26. Monitoring fungsi fisiologis pasien dapat memberikan informasi tentang
tindakan yang dilakukan selanjutnya atas kegawatan pada pasien tersebut,
baik pemberian anestesi umum, regional, dan spinal, sampai periode pasca
operasi. Proses monitoring pada pasien di pantau secara ketat dan terus
menerus hasilnya ditulis dalam laporan operasi.
27. Pembedahan di rencanakan dengan seksama dengan berdasarkan asesmen
pasien dalam memilih prosedur pembedahan yang tepat. Pemilihan prosedur
ini tergantung pada riwayat pasien, status fisik dan data diagnostic dan juga
pertimbangan informasi dari asesmen saat masuk rawat inap dan sumber lain
yang tersedia, termasuk resiko dan manfaat prosedur bagi pasien. Asuhan
bedah yang di rencanakan ini di dokumentasikan dalam status pasien.
28. Sebelum tindakan pembedahan dokter operator wajib memberi tanda /
markering pada daerah yang akan di lakukan tindakan pembedahan.
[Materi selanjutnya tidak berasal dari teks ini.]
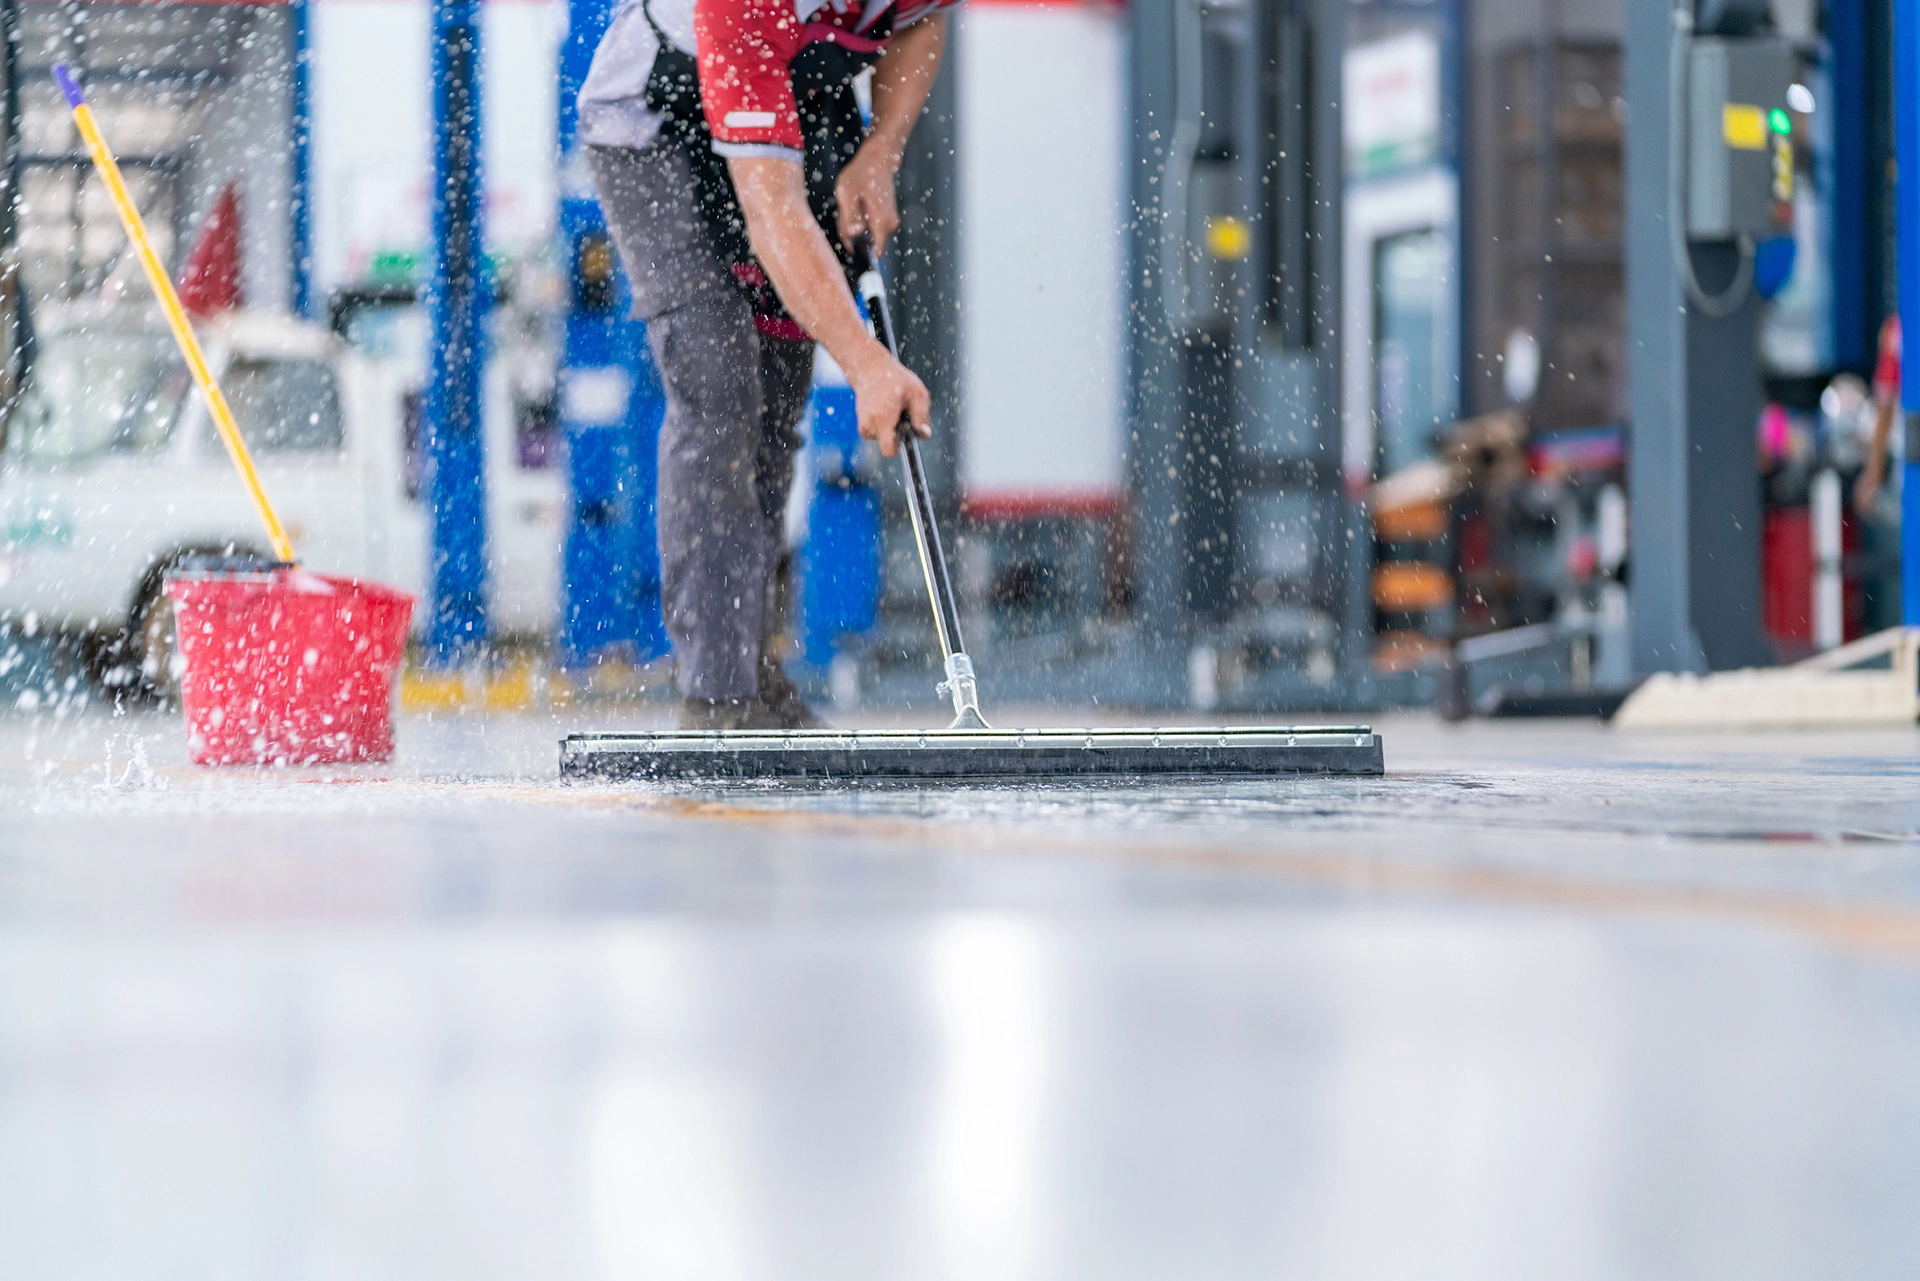 How to Clean Garage Floor Without Pressure Washer?

29. Kepada setiap pasien yang akan di lakukan tindakan pembedahan harus
dilaksanakan informed consent dan mendapat persetujuan tertulis dari
tindakan pembedahan yang akan di lakukan setelah pasien dan keluarga
mendapat semua informasi edukasi mengenai risiko, prosedur yang di
rencanakan, mafaat prosedur yang di laksanakan, komplikasi yang potensial
terjadi, alternative tindakan bedah dan non bedah yang akan di lakukan.
30. Setiap dokter setelah selesai tindakan operasi wajib membuat laporan tertulis
tindakan operasi di rekam medis pasien yang minimum memuat :
- Diagnose pasien operasi
- Nama dokter bedah dan asisten
- Nama prosedur
- Specimen bedah untuk pemeriksaan
- Catatan specific komplikasi atau tidak adanya komplikasi selama operasi
termasuk jumlah kehilangan darah.
- Tanggal, waktu dan tanda tangan dokter yang bertanggung jawab.
31. Pada tindakan pembedahan pada lokal anestesi status fisiologis pasien harus
di monitor secara terus – menerus selama dan pada saat pasca pembedahan.